Coastal Connections Community Workshop hosted by Kate Goldie and Dawn-Marie Walker for the Coastal Connections: Systems and Synergy pilot project.

A workshop was held on 1st Feb 2024 at the John Hansard Gallery in Southampton to bring together community representatives to explore this iPACT pilot project’s perspectives and co-produce a recruitment strategy for the second phase of the Synergy work package. The strategy aims to gather views from seldom-listened to marginalised communities.

The research question

‘How to increase the use of green and blue spaces while ensuring independence and equality for all people’ should be reframed to reflect the reality that not all people are independent and equal in society, and instead focus on improving access for everyone.’

Perspectives of the project

Concerns raised about access to & use of green and blue spaces

Safety concerns
Issues including women’s safety, remoteness of spaces, water pollution, and criminal activity in some parks.

Accessibility issues
Accessibility concerns were highlighted, such as the need for wheelchair access and toilets for public use.

Travel considerations
There is a lack of safe and dry bike storage spaces in the city’s green spaces.
Many green and blue spaces in the city require a car to access.

Managing risk to wildlife
Increasing use of green and blue spaces may inadvertent damage the local environment and impact wildlife. Encouraging meaningful connections to nature should be central to mitigate these risks.

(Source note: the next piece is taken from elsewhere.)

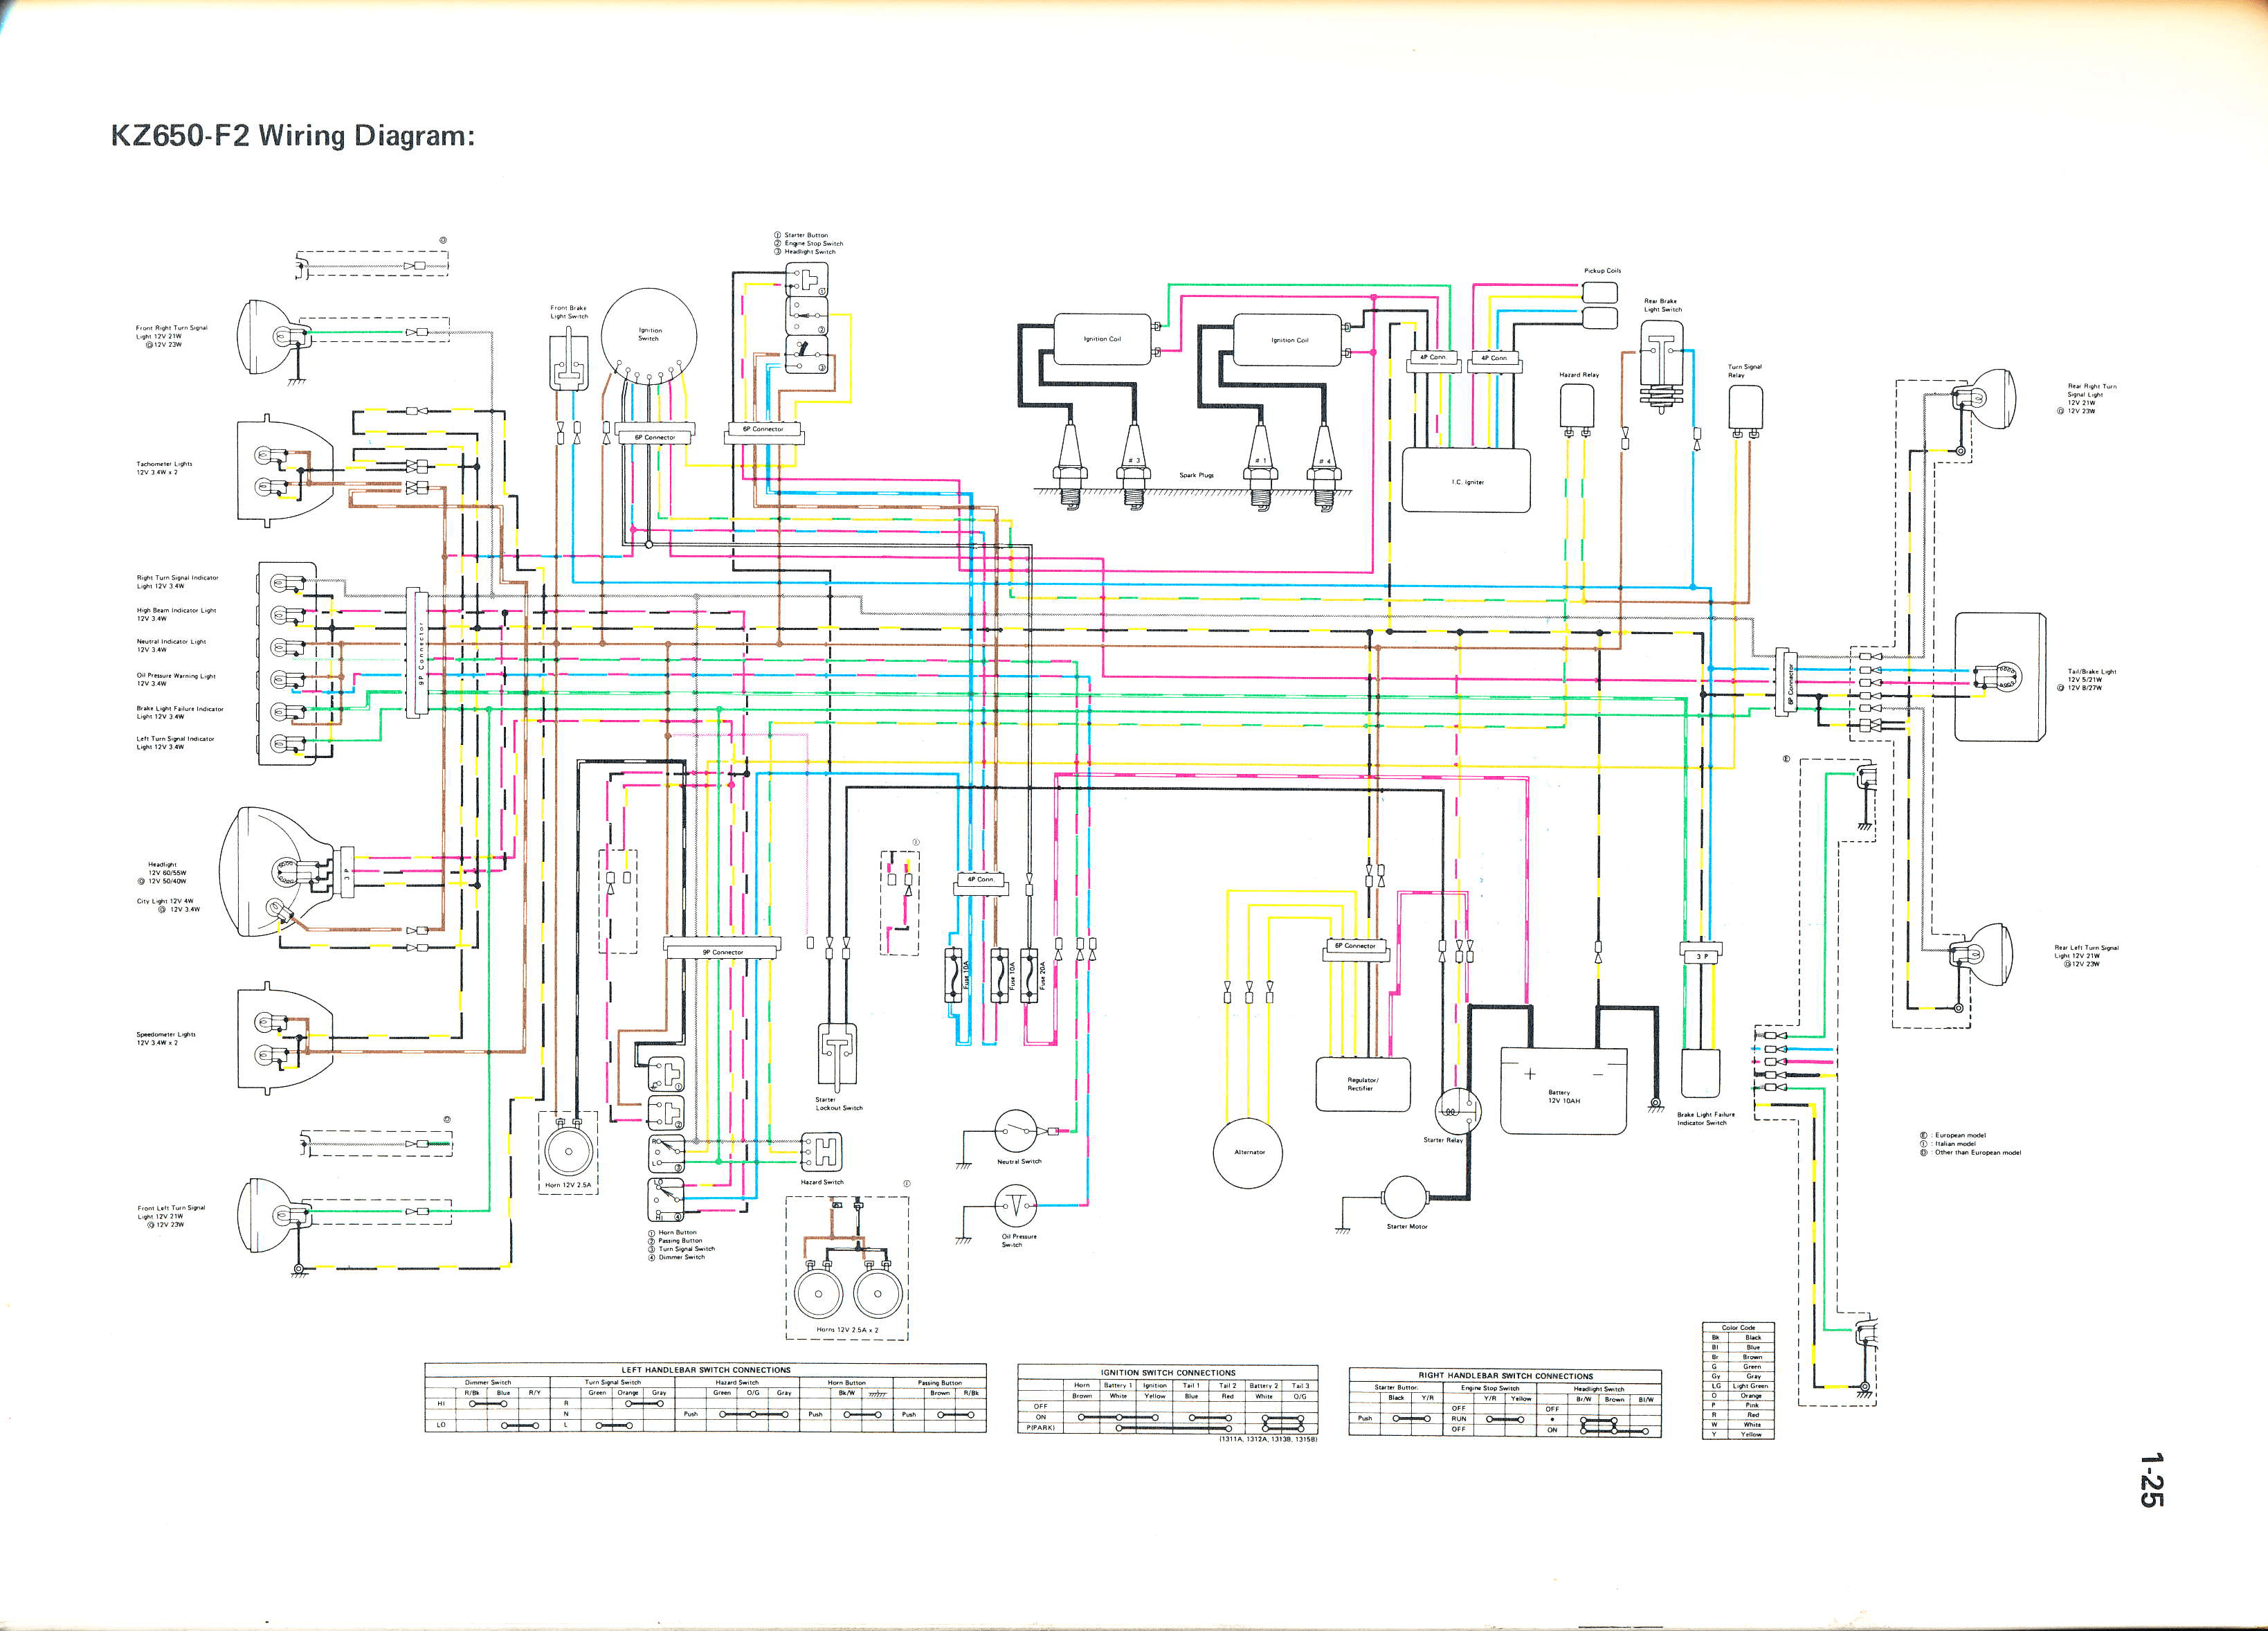 John Deere 2510 Wiring Harness 1010 Jd 2040 Diagram 3020 Positive Ground

How can access and use be improved?

Welcoming and Maintenance
Participants emphasised the importance of well- maintained spaces that are inviting.

Improving Safety
Having authoritative figures present in green spaces to address concerns and deter criminal activity was proposed.
Increased CCTV.

Practical information about the space and available facilities should be provided in different languages.
Ideas included providing online video walkthroughs and images of spaces to improve accessibility for neurodiverse individuals.

Engaging Activities for Youth
Participants recommended promoting fun activities like geocaching to encourage young people to engage with nature.

View of Southampton water at Royal Victoria Country Park, Southampton.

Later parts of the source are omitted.